The largest tidal-wetland-restoration project on the U.S. west coast is underway in south San Francisco Bay, California, where more than 15,000 acres of industrial salt ponds are being restored to intertidal habitats. The U.S. Geological Survey (USGS) is a major player in the South Bay Salt Pond Restoration Project, a joint effort by federal, state, and nonprofit organizations. Among its many contributions, the USGS is making maps of the bay floor before and after the breaching of levees to restore natural tidal flows. The first of those maps—the “before” set—were recently released in USGS Open-File Report 2011-1315, “2010 Bathymetry and Digital Elevation Model of Coyote Creek and Alviso Slough, South San Francisco Bay, California.”

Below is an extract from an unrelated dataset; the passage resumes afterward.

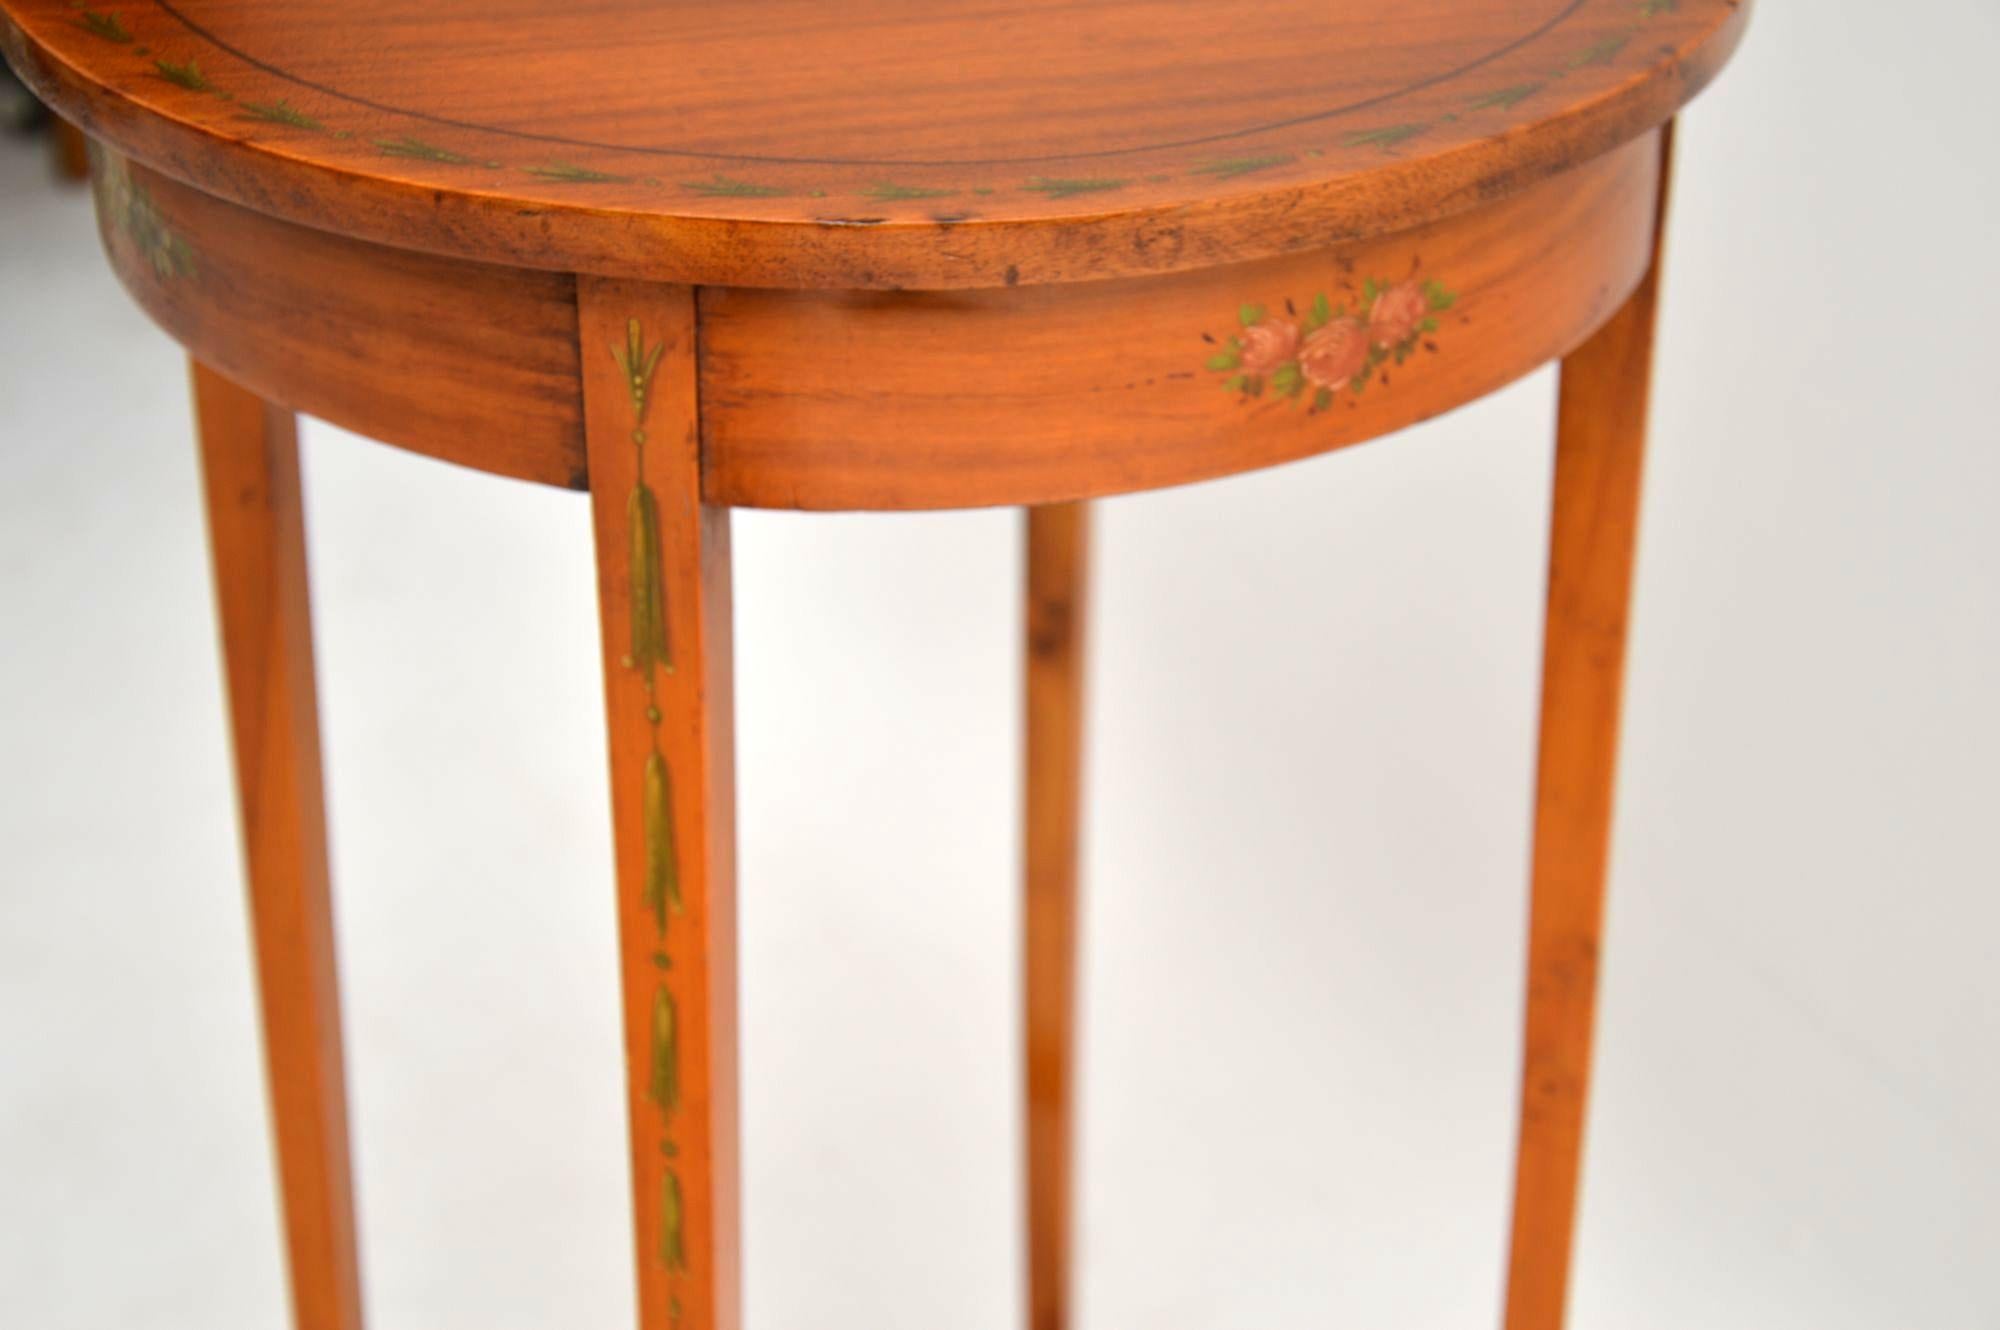 Antique Edwardian Painted Satin Wood Side Table 3

The “before” mapping took place in 2010, when USGS scientists conducted three cruises—in January, September, and early December—to map the bathymetry of channels and shallow intertidal mudflats in the southernmost part of south San Francisco Bay. Data from the three surveys were merged to generate comprehensive maps of Coyote Creek (from Calaveras Point east to the railroad bridge) and Alviso Slough (from San Francisco Bay to the town of Alviso) to establish baseline bathymetry before the breaching of levees adjacent to Alviso Slough as part of the restoration project.

The bathymetric surveys were done by the research vessel (R/V) Parke Snavely outfitted with an interferometric sidescan sonar for swath mapping (bathymetric mapping of overlapping swaths of seafloor) in extremely shallow water. These surveys yielded high-resolution bathymetric data that are presented in the new Open-File Report. Additionally, the authors merged the bathymetric data with aerial lidar (light detection and ranging) data collected for the USGS during the same time period. The result, also presented in the new report, is a seamless, high-resolution digital elevation model (DEM) of the study area—a view of the ground surface as it would look if both water and vegetation were removed.

San Francisco Bay, California. Red rectangle in map on left outlines area of image on right: a seamless bathymetric/topographic digital elevation model (DEM) of region surrounding Coyote Creek and Alviso Slough in south San Francisco Bay.
Above: San Francisco Bay, California. Red rectangle in map on left outlines area of image on right: a seamless bathymetric/topographic digital elevation model (DEM) of region surrounding Coyote Creek and Alviso Slough in south San Francisco Bay. [larger version]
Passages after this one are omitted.